Closed
Bug 317572
Opened 19 years ago
Closed 19 years ago
(Style) font-family is not rendered if using quotes
Categories
(Firefox :: General, defect)
Tracking
()
RESOLVED
INVALID
People
(Reporter: fredck, Unassigned)
Details
Attachments
(1 file)
302 bytes,
text/html
|
Details |
User-Agent: Mozilla/4.0 (compatible; MSIE 6.0; Windows NT 5.0; Maxthon; .NET CLR 1.1.4322)
Build Identifier: Mozilla/5.0 (Windows; U; Windows NT 5.0; en-US; rv:1.8b4) Gecko/20050908 Firefox/1.4
When formatting using the "font-family" property, if you put the font family name inside quotes, it will not get rendered as expected. Actually the font formatting will be ignored.
Reproducible: Always
Steps to Reproduce:
Just set a style using "font-family:'fantasy'",for example.
Actual Results:
The specified font formatting will be ignored.
Comment 2•19 years ago
|
||
This is the correct behavior.
Per the CSS 2.1 spec: (http://www.w3.org/TR/CSS21/fonts.html#font-family-prop)
Font family names that happen to be the same as a keyword value (e.g. 'initial', 'inherit', 'default', 'serif', 'sans-serif', 'monospace', 'fantasy', and 'cursive') must be quoted to prevent confusion with the keywords with the same names. UAs must not consider these keywords as matching the '<family-name>' type.
So when you quote 'fantasy' the system looks for a font actually called "fantasy". If you want to use it as keyword, it must not be quoted.
=> INVALID
Status: UNCONFIRMED → RESOLVED
Closed: 19 years ago
Resolution: --- → INVALID
Ok, thanks for the precision. I took a look in the specification before reporting the bug, but read it quickly.
I confirm that the actual behavior reflects exactly the W3C specifications. I just thought that, as all other browsers transparently correct this bad style definition and render it as expected (it doesn't always means "correctly"), then why should not Firefox do that?
Comment 4•19 years ago
|
||
(In reply to comment #3)
> I confirm that the actual behavior reflects exactly the W3C specifications. I
> just thought that, as all other browsers transparently correct this bad style
> definition and render it as expected (it doesn't always means "correctly"),
> then why should not Firefox do that?
1. Not all browsers "transparently correct" this: specifically, I tested Safari, and it behaves just like Mozilla/Firefox (i.e., correctly).
2. If we do what you suggest, there will be no way for an author to specify using a font actually named "Fantasy" (or "Serif", etc.). Plus it would be a clear violation of the standard - something we are trying not to do.

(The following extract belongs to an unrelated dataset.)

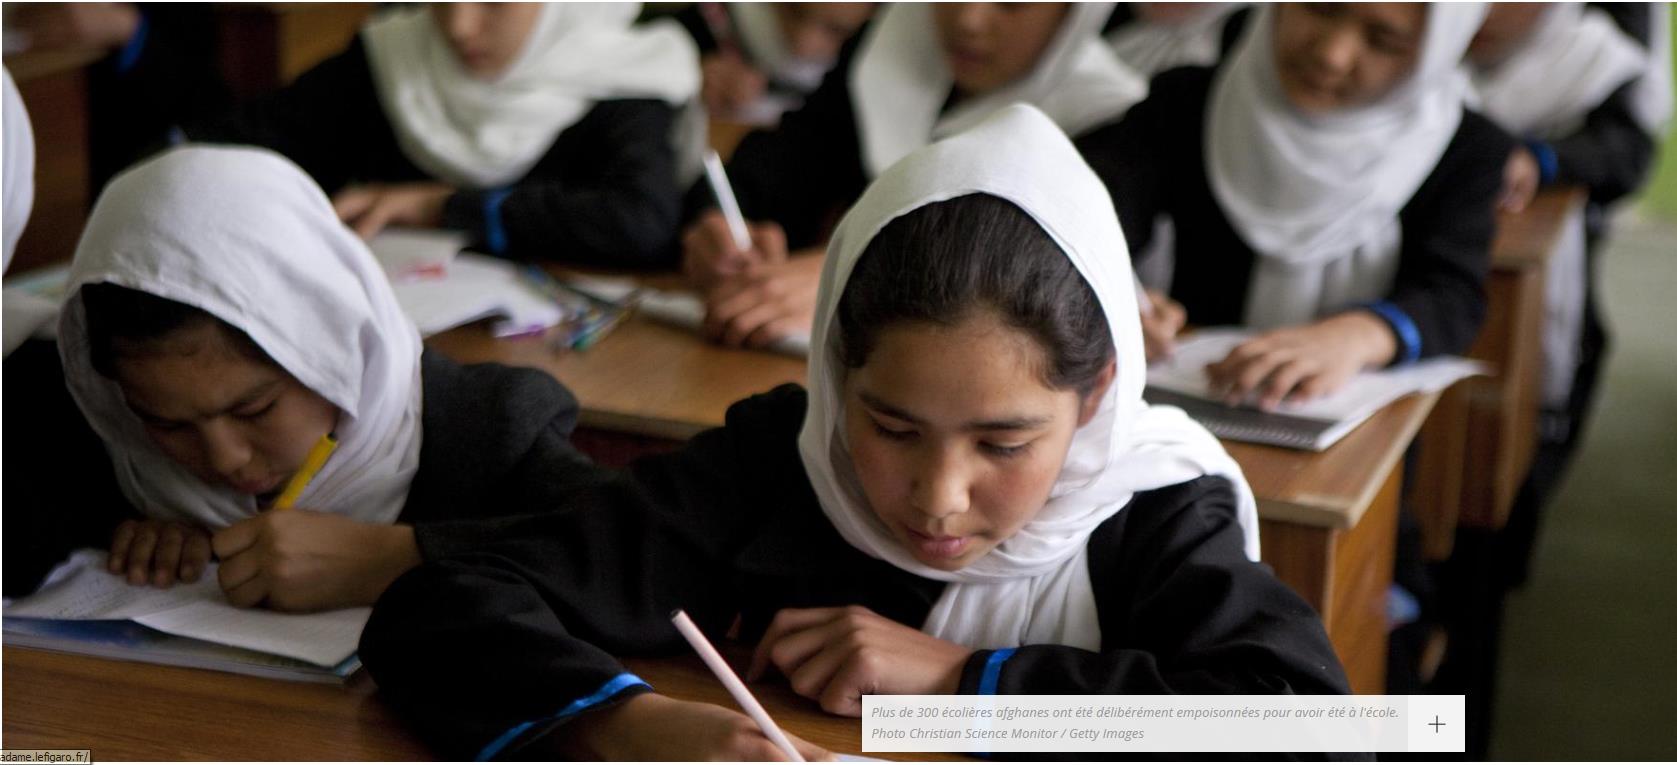 Le Figaro.fr 09 septembre 2015 Début septembre, des centaines de jeunes écolières ont été empoisonnées au gaz dans plusieurs écoles de la ville d'hérat, à l'ouest de l'afghanistan.

It would be tricky if the specified font is not available in the computer (probably 99,99999999% of the cases for those generic families) that the generic is used. In this case, the web designer would be violating the specifications, not my powerful browser that corrects the mistake automatically...
In any case, Safari has the same behavior... Great! So we can just close our eyes to the problem.
Firefox does not support my web site.http://www.straforevi.com/urunler/maket-pasta/
Comment 10•8 years ago
|
||
Many apps need permission to utilize most of the features.To run all these features we need to pay some price. But not now you can pay for all such games for free. Download Xmod games app from http://www.xmod.me/
You need to log in
before you can comment on or make changes to this bug.